Promises of restoration:
- “I will restore to you the years that the swarming locust has eaten” (Joel 2:25)
- “In that day you will say: ‘I will praise you, O Lord. Although you were angry with me, your anger has turned away and you have comforted me” (Isaiah 12:1)
- “For a brief moment I abandoned you, but with deep compassion I will bring you back. ‘In a surge of anger I hid my face from you for a moment, but with everlasting kindness I will have compassion on you,’ says the LORD your Redeemer’” (Isaiah 54:7-8).
- “…weeping may remain for a night, but rejoicing comes in the morning (Psalm 30:5).
- “Again you will take up your tambourines and go out to dance with the joyful” (Jeremiah 31:4).

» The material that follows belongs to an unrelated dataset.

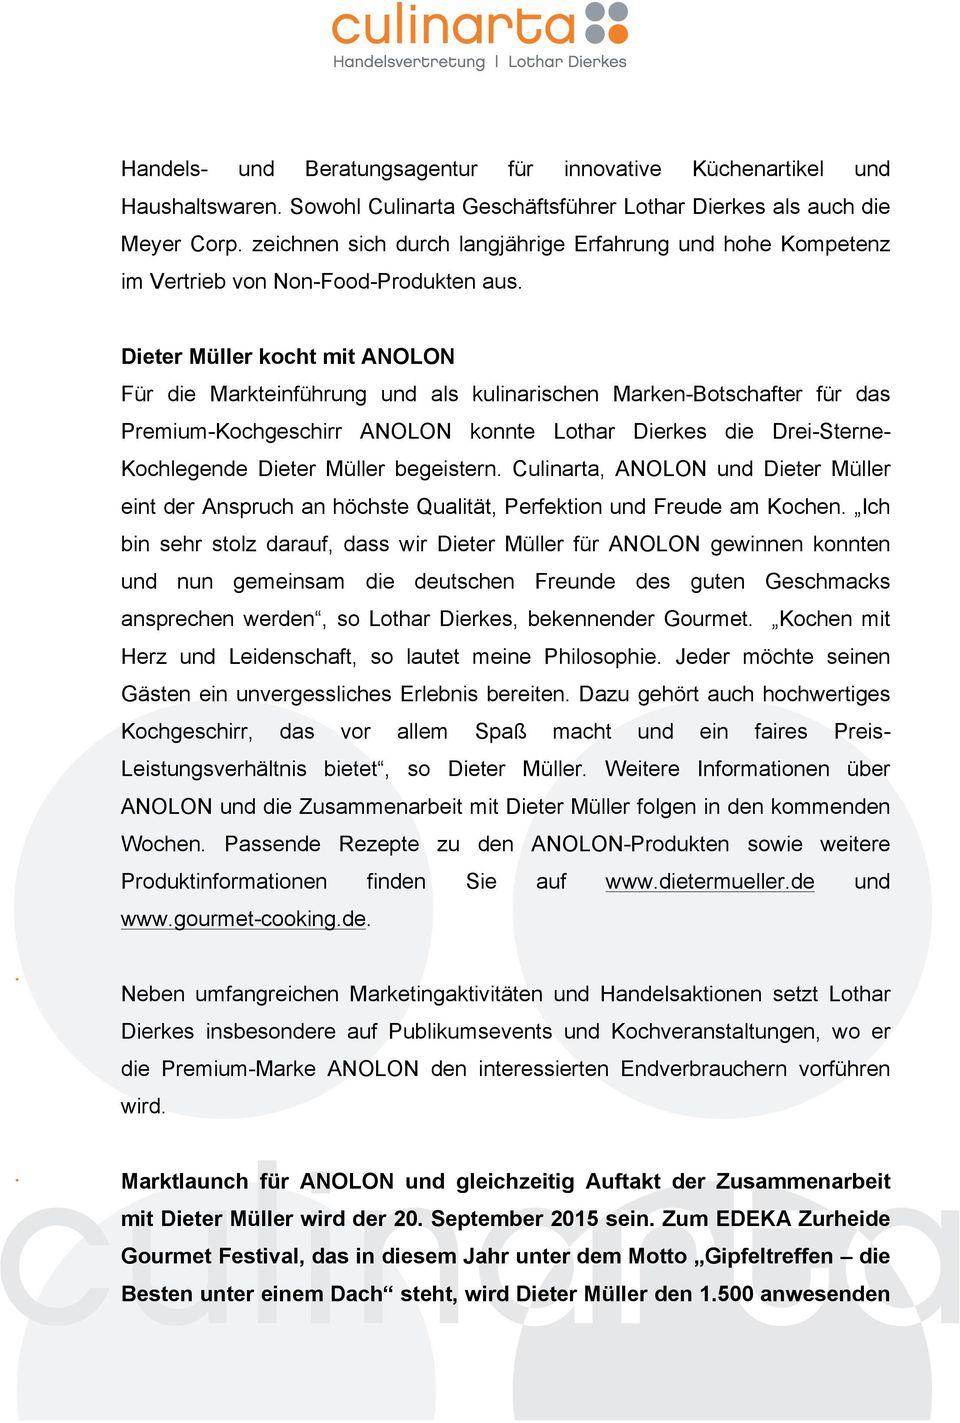 Dieter Müller kocht mit ANOLON Für die Markteinführung und als kulinarischen Marken-Botschafter für das Premium-Kochgeschirr ANOLON konnte Lothar Dierkes die Drei-Sterne- Kochlegende Dieter Müller
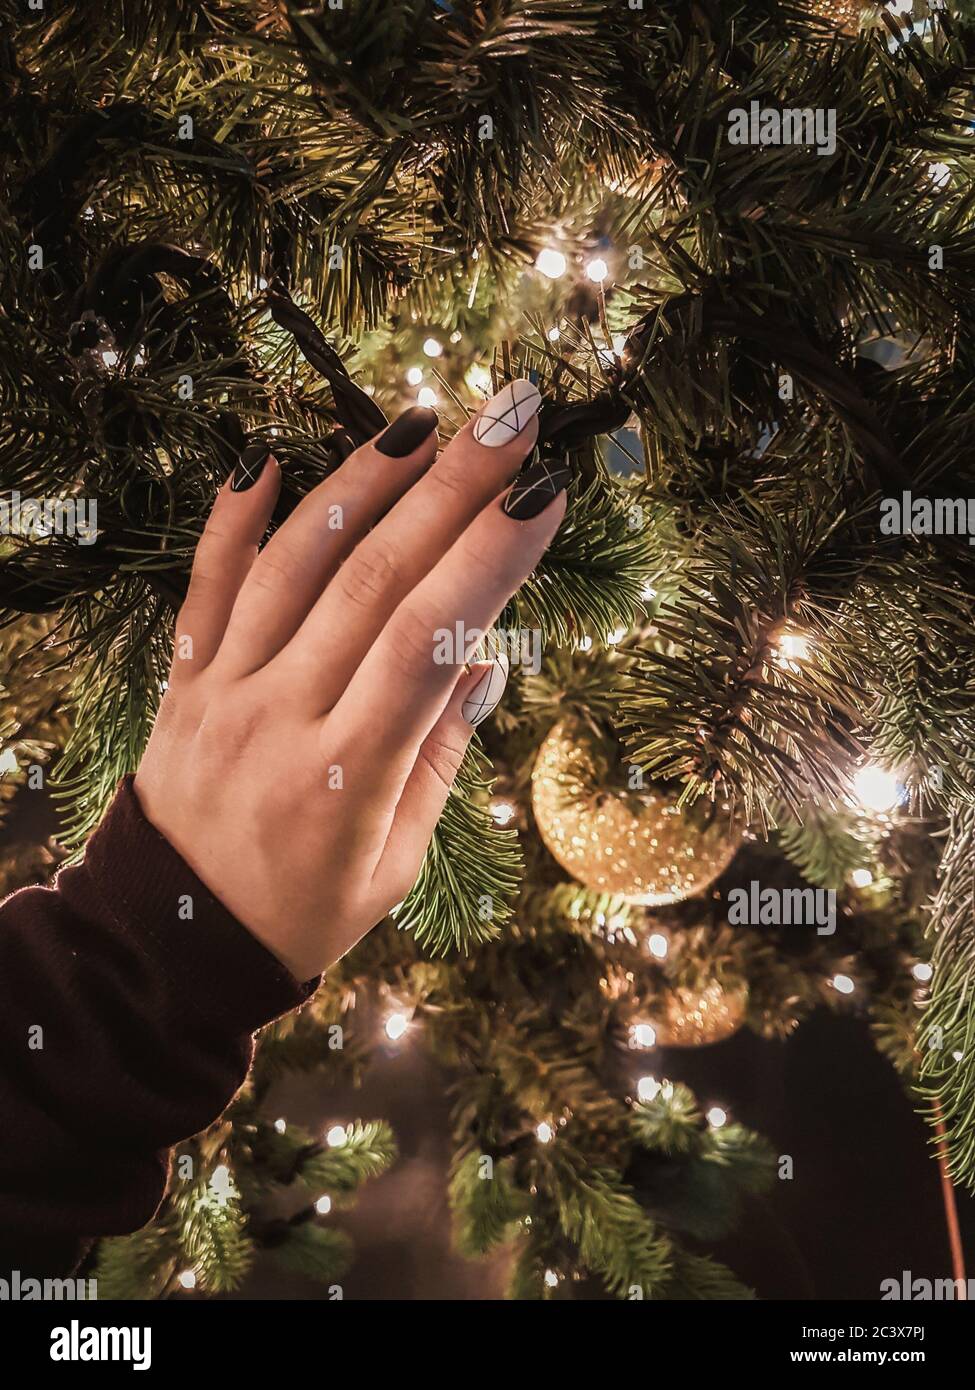 Frau Hand mit schönen schwarz-weißen Maniküre berühren Weihnachtsbaum mit Vorfreude auf Silvester Feier. Festliche fröhliche Stimmung. Ansicht schließen Stockfoto

- “You have turned my mourning into joyful dancing. You have taken away my clothes of mourning and clothed me with joy” (Psalm 30:11).
- “For we do not have a high priest who is unable to empathize with our weaknesses, but we have one who has been tempted in every way, just as we are—yet he did not sin. Let us then approach God’s throne of grace with confidence, so that we may receive mercy and find grace to help us in our time of need” (Hebrews 4:15-16).
- “If we confess our sins, he is faithful and just and will forgive us our sins and purify us from all unrighteousness” (I John 1:9).
- “But if anybody does sin, we have an advocate with the Father—Jesus Christ, the Righteous One. He is the atoning sacrifice for our sins, and not only for ours but also for the sins of the whole world” (I John 2:1-2).
- “Christ is also the head of the church, which is his body. He is the beginning, supreme over all who rise from the dead. So he is first in everything. For God in all his fullness was pleased to live in Christ, and through him God reconciled everything to himself. He made peace with everything in heaven and on earth by means of Christ’s blood on the cross. This includes you who were once far away from God. You were his enemies, separated from him by your evil thoughts and actions. Yet now he has reconciled you to himself through the death of Christ in his physical body. As a result, he has brought you into his own presence, and you are holy and blameless as you stand before him without a single fault” (Colossians 1:18-22).
- “This means that anyone who belongs to Christ has become a new person. The old life is gone; a new life has begun! And all of this is a gift from God, who brought us back to himself through Christ. And God has given us this task of reconciling people to him. For God was in Christ, reconciling the world to himself, no longer counting people’s sins against them. And he gave us this wonderful message of reconciliation. So we are Christ’s ambassadors; God is making his appeal through us. We speak for Christ when we plead, “Come back to God!” For God made Christ, who never sinned, to be the offering for our sin, so that we could be made right with God through Christ” (II Corinthians 5:17-21, NLT).
“I heard a loud shout from the throne, saying, “Look, God’s home is now among his people! He will live with them, and they will be his people. God himself will be with them. He will wipe every tear from their eyes, and there will be no more death or sorrow or crying or pain. All these things are gone forever.” And the one sitting on the throne said, “Look, I am making everything new!” And then he said to me, “Write this down, for what I tell you is trustworthy and true” (Revelation 21:3-5, NLT).